This is the draft preview of version 3.1 for the Federal Identity, Credential, and Access Management architecture.

Edit this page

Identity Management

A red box with the list of Identity Management services defined later in the body text of this page.

Identity Management is how an agency uses attributes to establish and maintain enterprise identities for employees and contractors.

An enterprise identity record is the set of attributes, or characteristics, that describe a person within a given context:

  • Your identity within your agency’s Human Resources (HR) system is different from your personal identity at your personal bank.
  • A person’s identity as a government contractor is different from their identity as an Army Reservist.

Identities change and evolve over time, but they do not expire. You may get a promotion, change your name, receive additional training, or even retire, but your identity remains the same.

Agencies should manage identity attributes as centrally as possible and distribute them as needed. The following are some examples of identity attributes:

  • Core identity attributes - First name, last name, and address of record.
  • Contact attributes - Physical location, government phone number, and government email address.
  • Authorization attributes - Clearance, training, and job codes.

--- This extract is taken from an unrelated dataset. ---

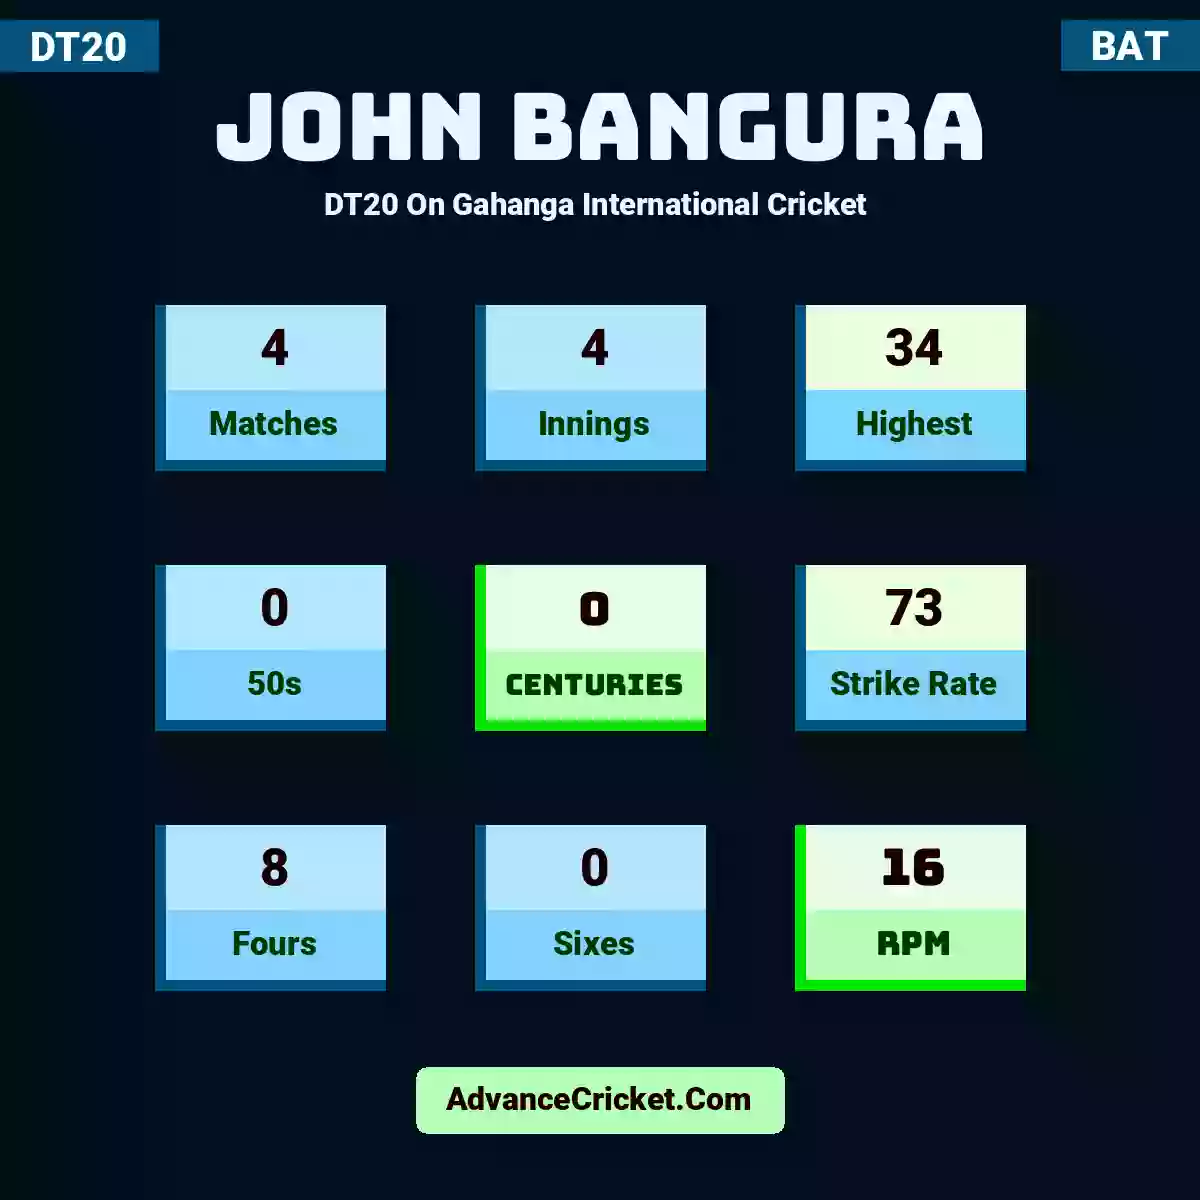 John Bangura DT20  On Gahanga International Cricket , John Bangura played 4 matches, scored 34 runs as highest, 0 half-centuries, and 0 centuries, with a strike rate of 73. J.Bangura hit 8 fours and 0 sixes, with an RPM of 16.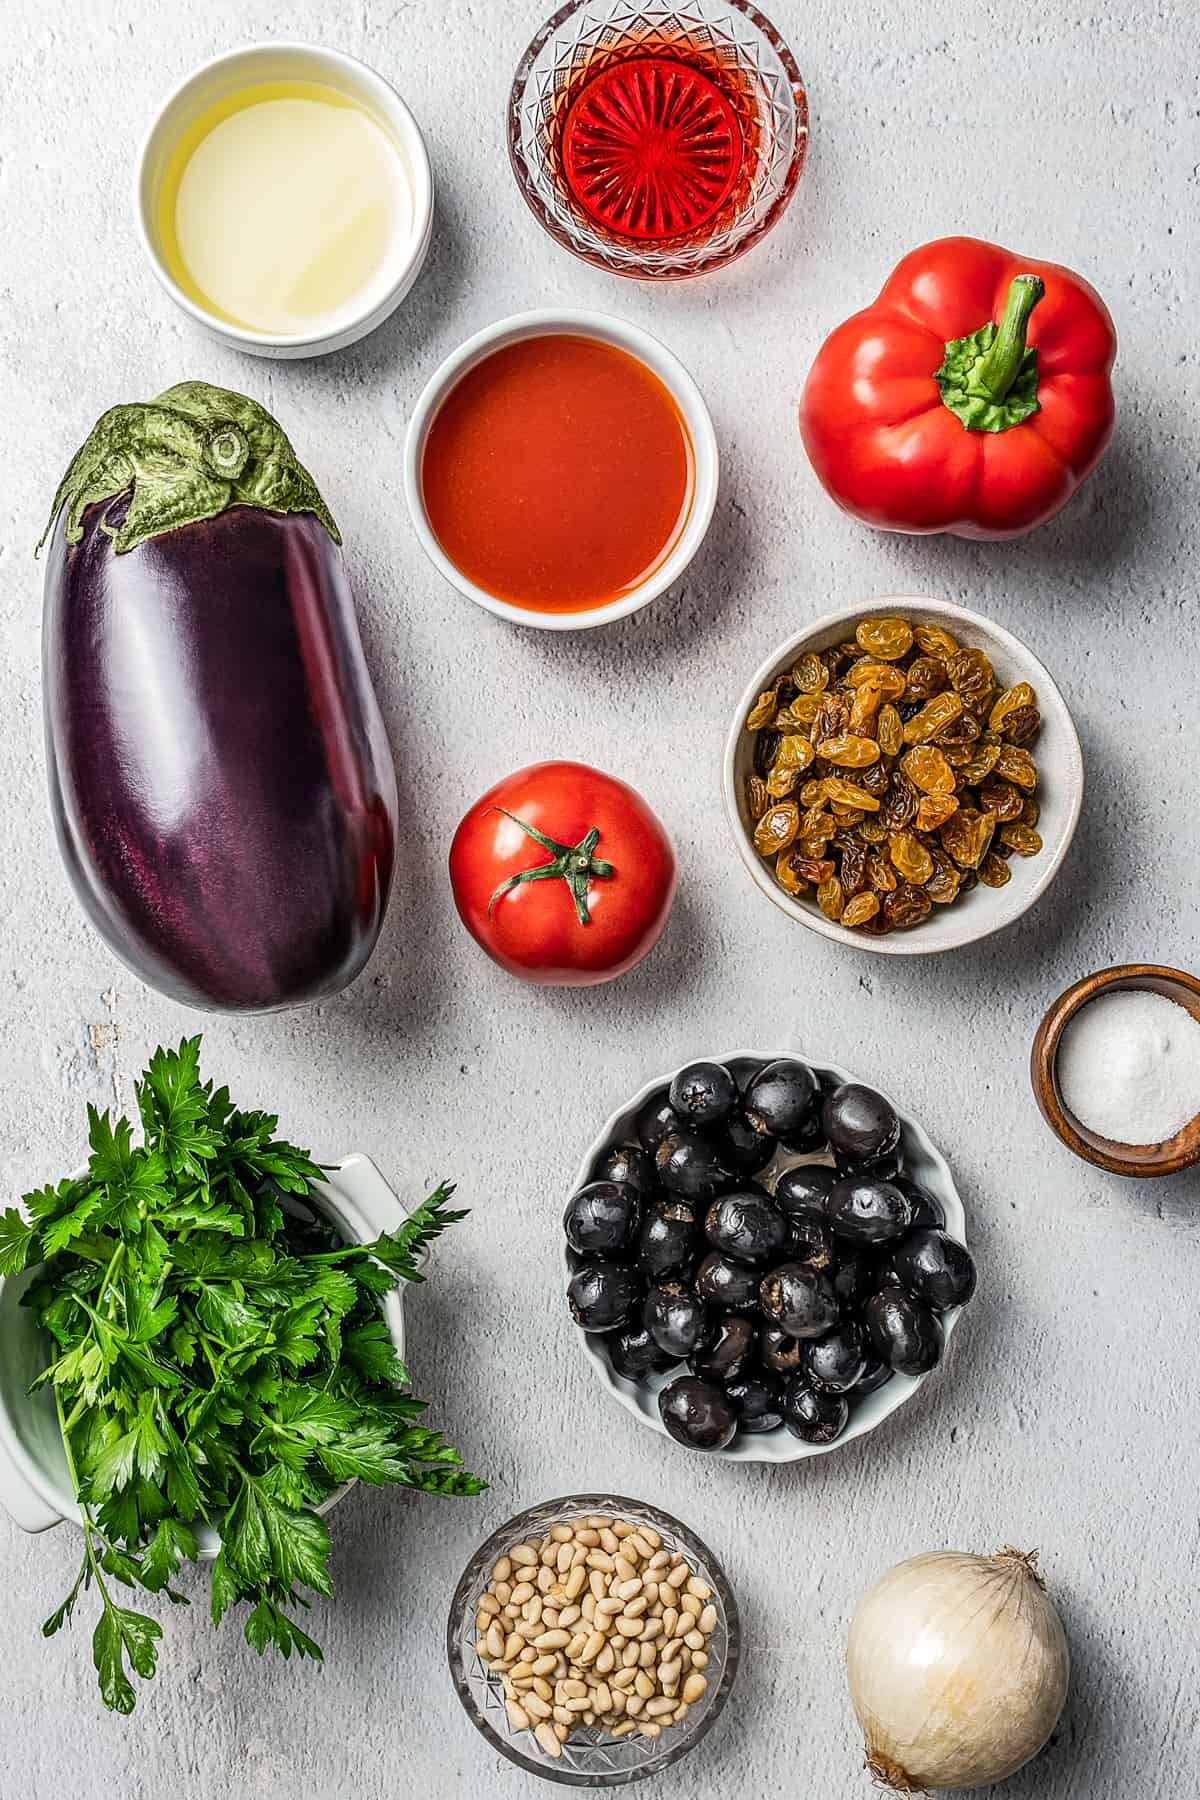 From top left: Olive oil, red wine vinegar, red bell pepper, eggplant, tomato sauce, fresh tomato, golden raisins, fresh parsley, black olives, salt, pine nuts, onion.

Identity proofing is how an agency verifies an enterprise identity. The complexity of this process depends on the Identity Assurance Level (IAL) you require for an identity. Federal agencies require a minimum IAL3 for employees and contractors. For example, a federal employee or contractor must provide core identity attributes via a driver’s license or utility bill, and the agency must verify these identity documents and the individual’s biometrics.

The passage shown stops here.